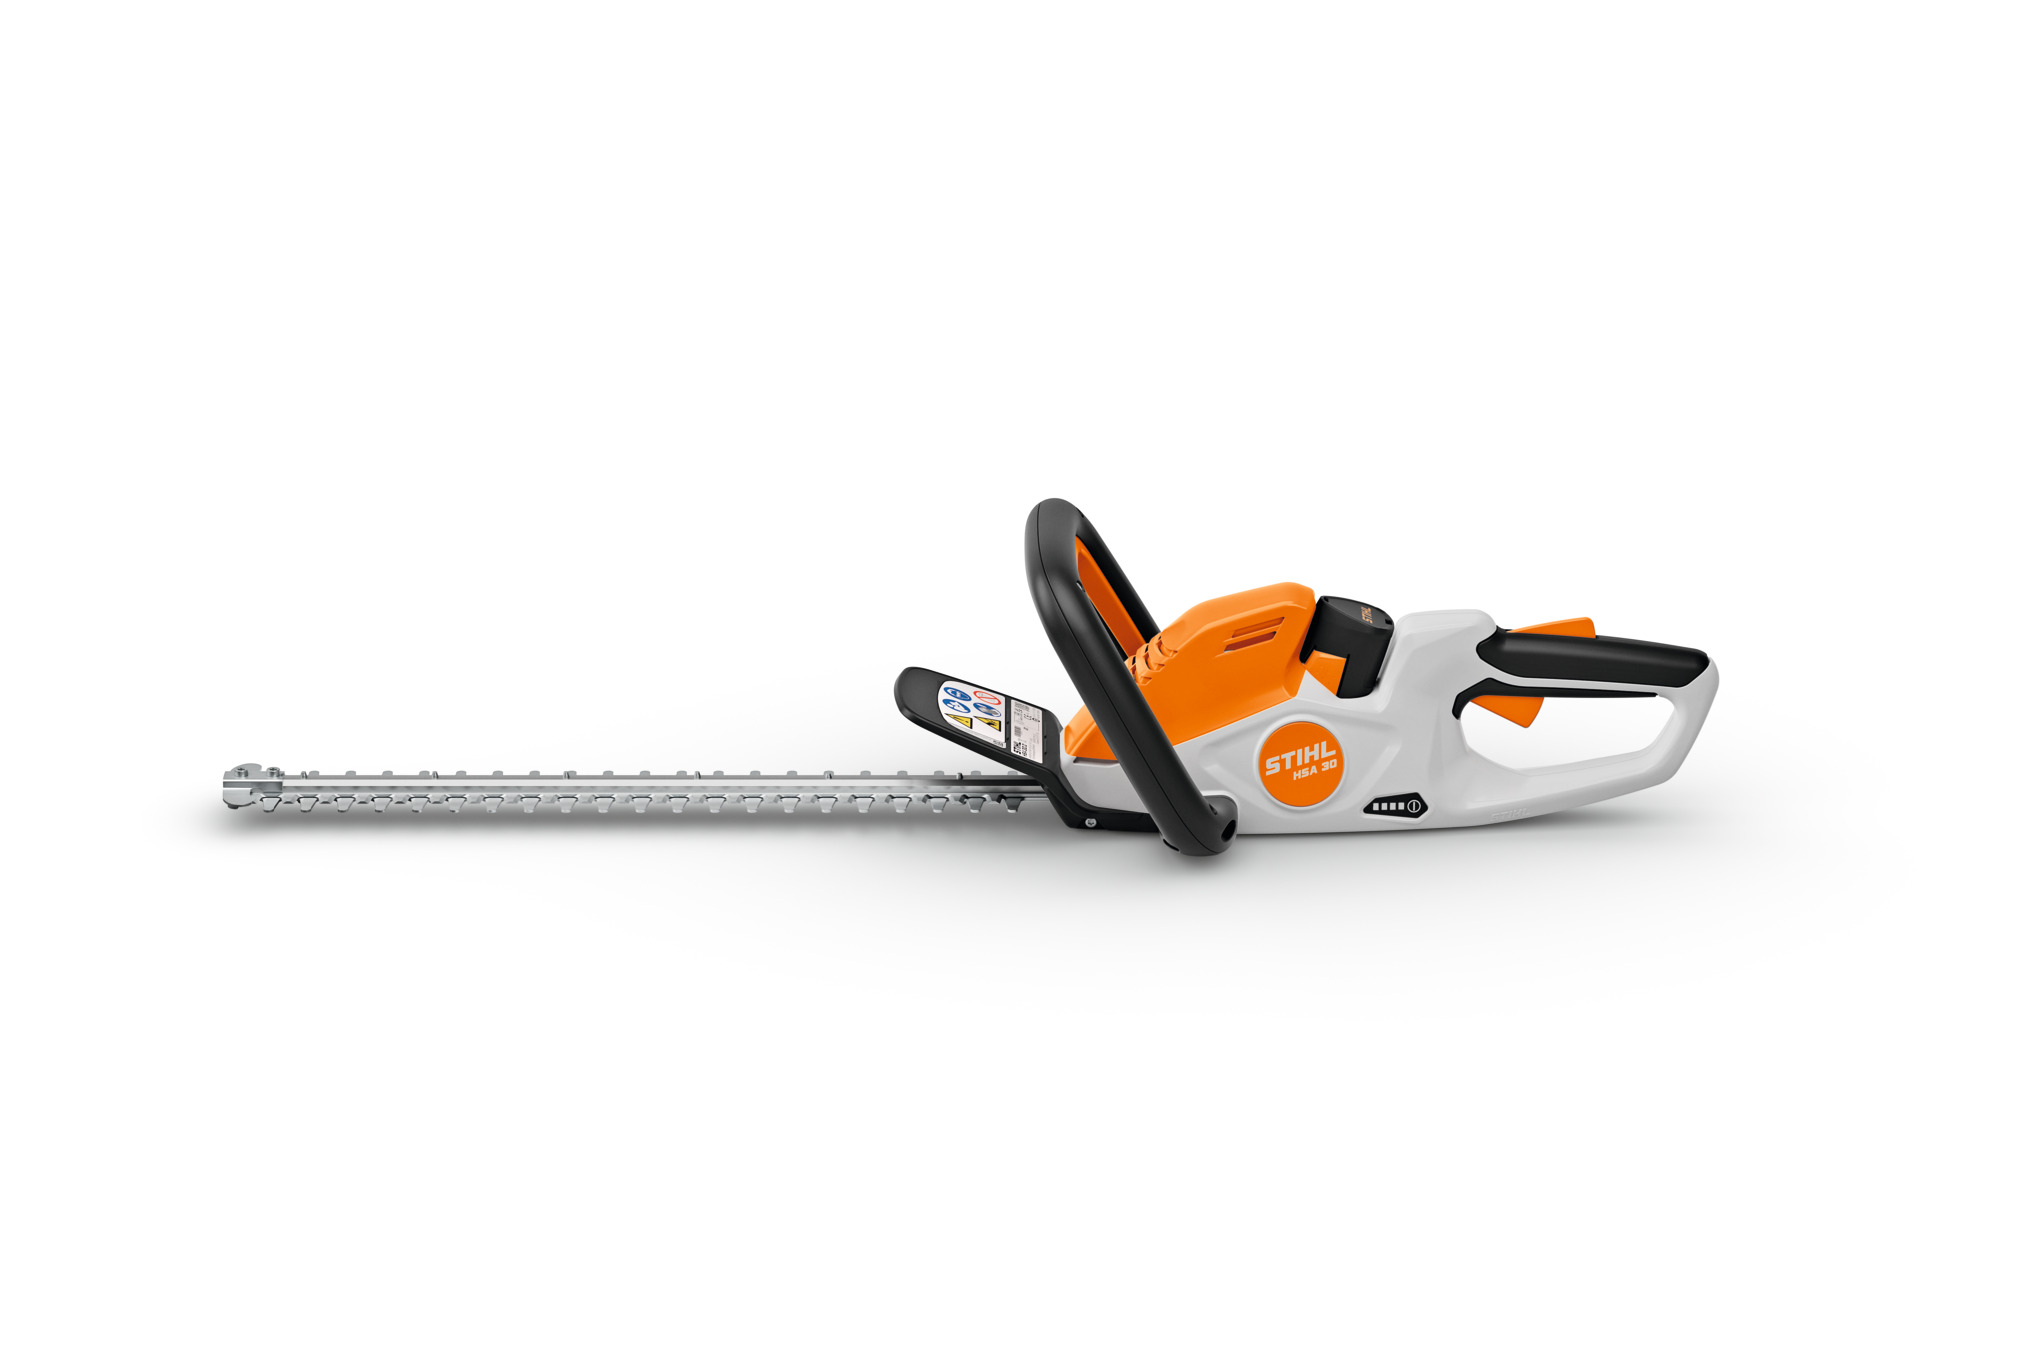 HSA 30 Cordless Hedge Trimmer
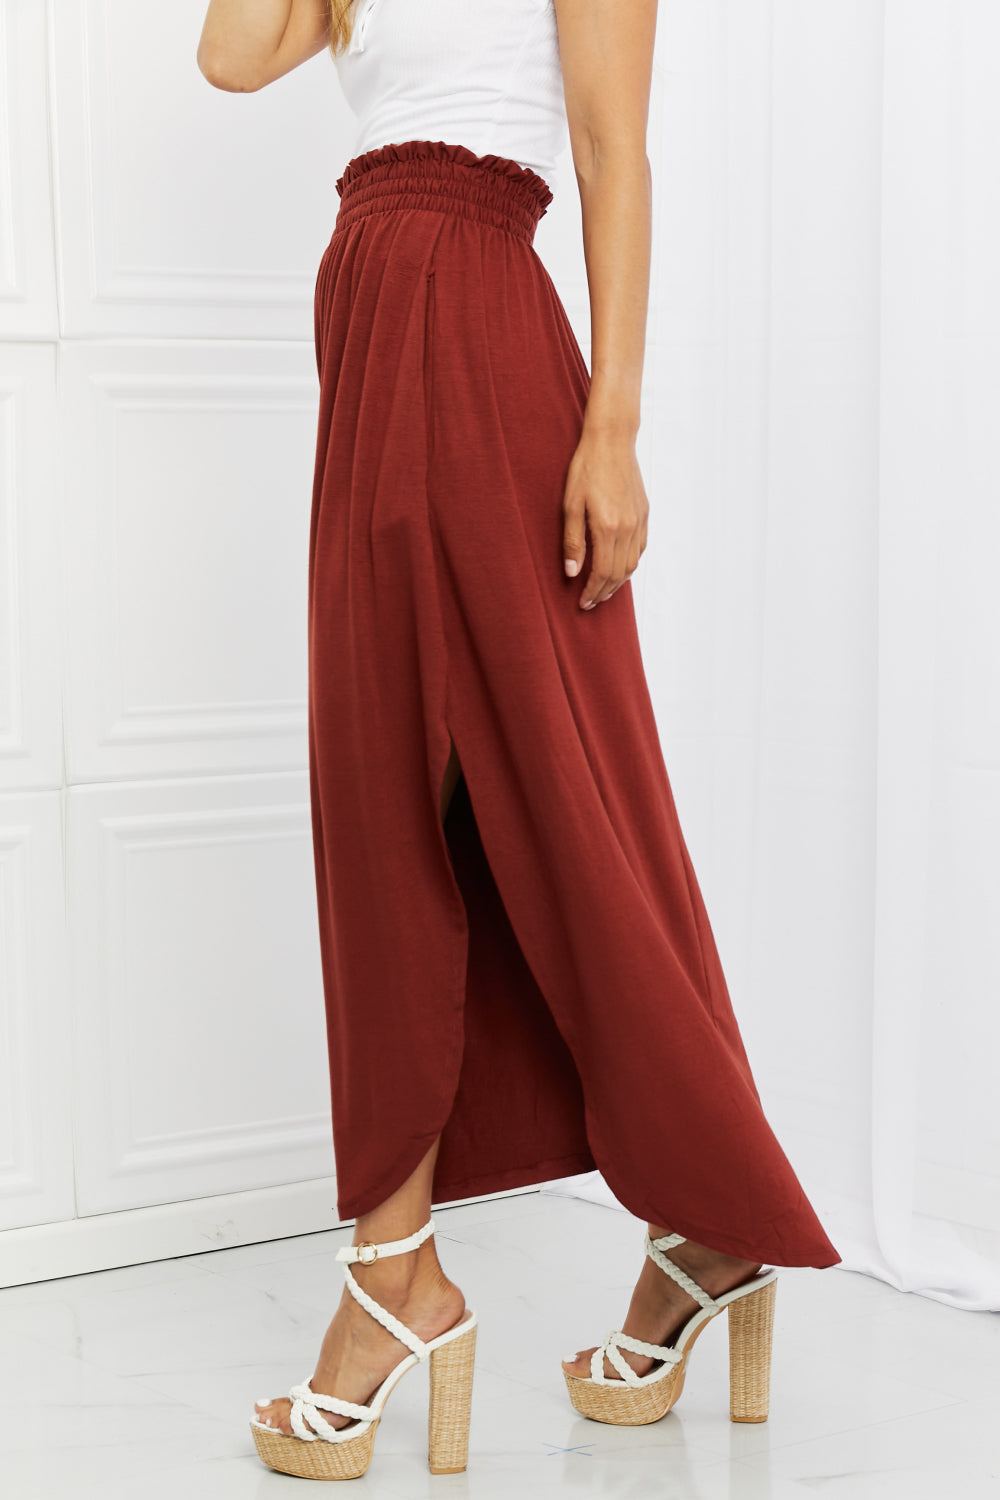 Zenana It's My Time Full Size Side Scoop Scrunch Skirt in Dark Rust  Southern Soul Collectives 
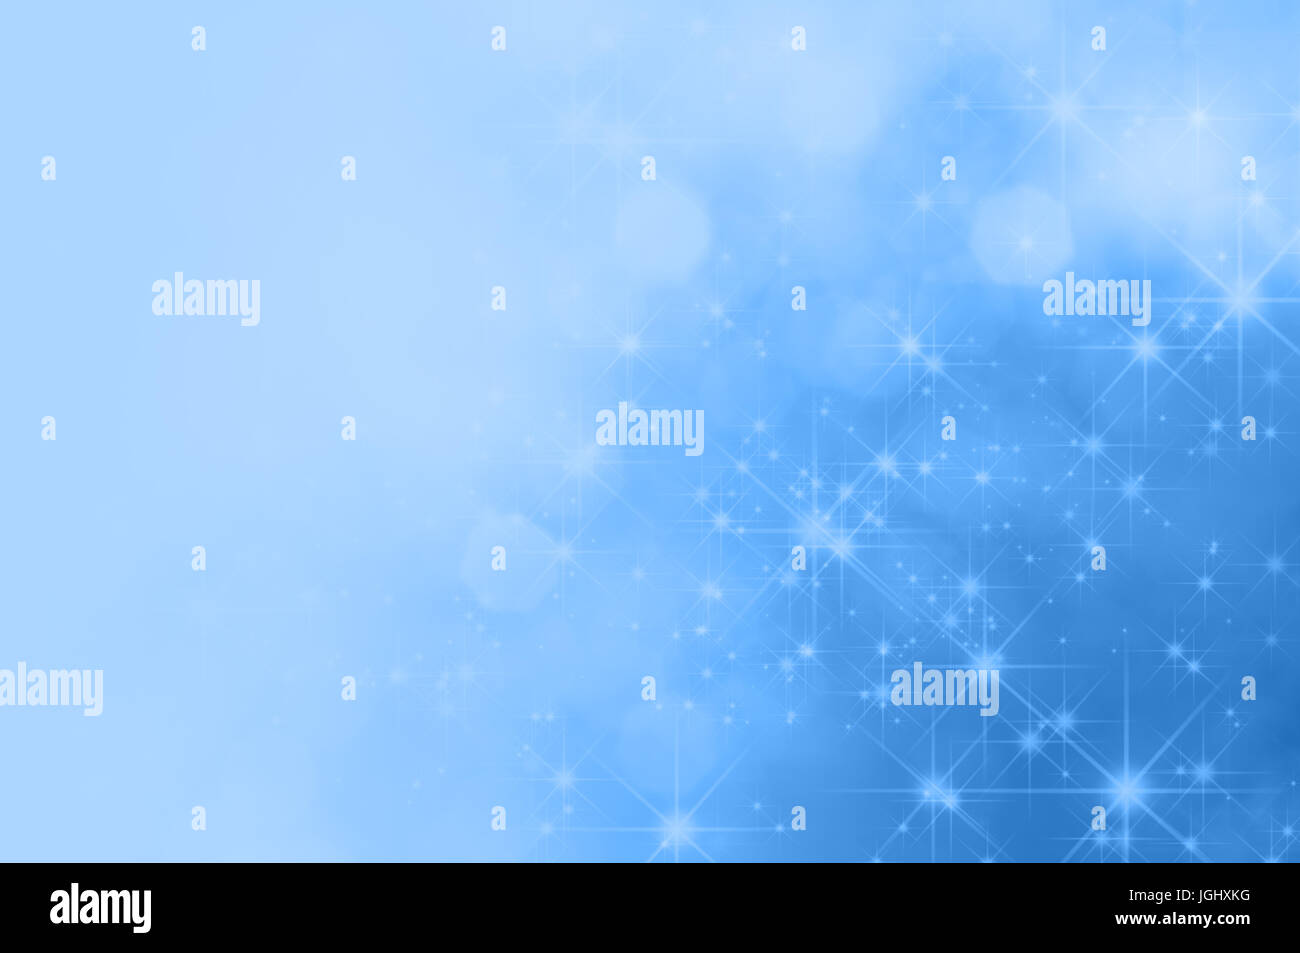 Blue Sparkly Background Stock Photos Blue Sparkly Background
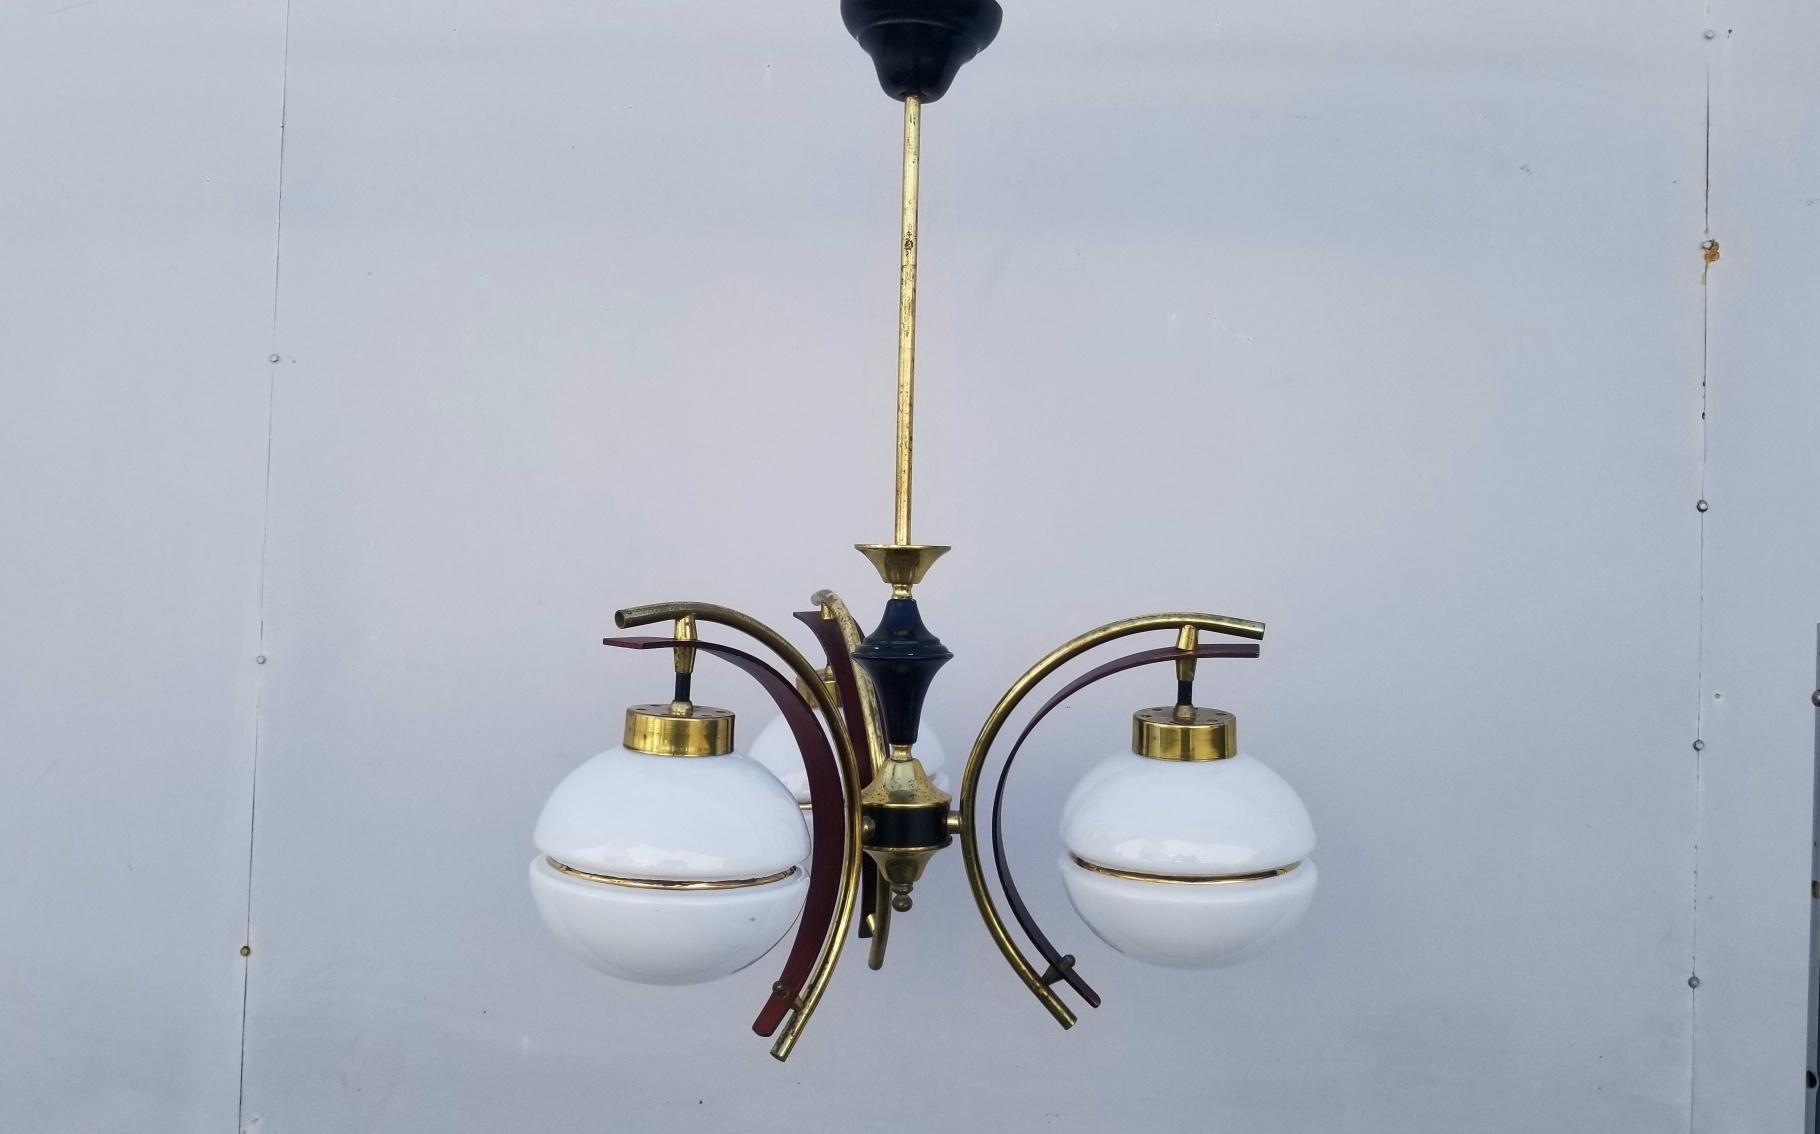 Italian chandelier from the 1950s, wood brass and 3 glass Murano glass shade.
──────────
*Exercise prompt*
Write the lines out word for word, starting at the one with "Blue Sparkly Background Stock" and stopping after the last line of the material above, with pictures excluded.

*Solution to this exercise*
 Blue Sparkly Background Stock Photos Blue Sparkly Background
 Italian chandelier from the 1950s, wood brass and 3 glass Murano glass shade.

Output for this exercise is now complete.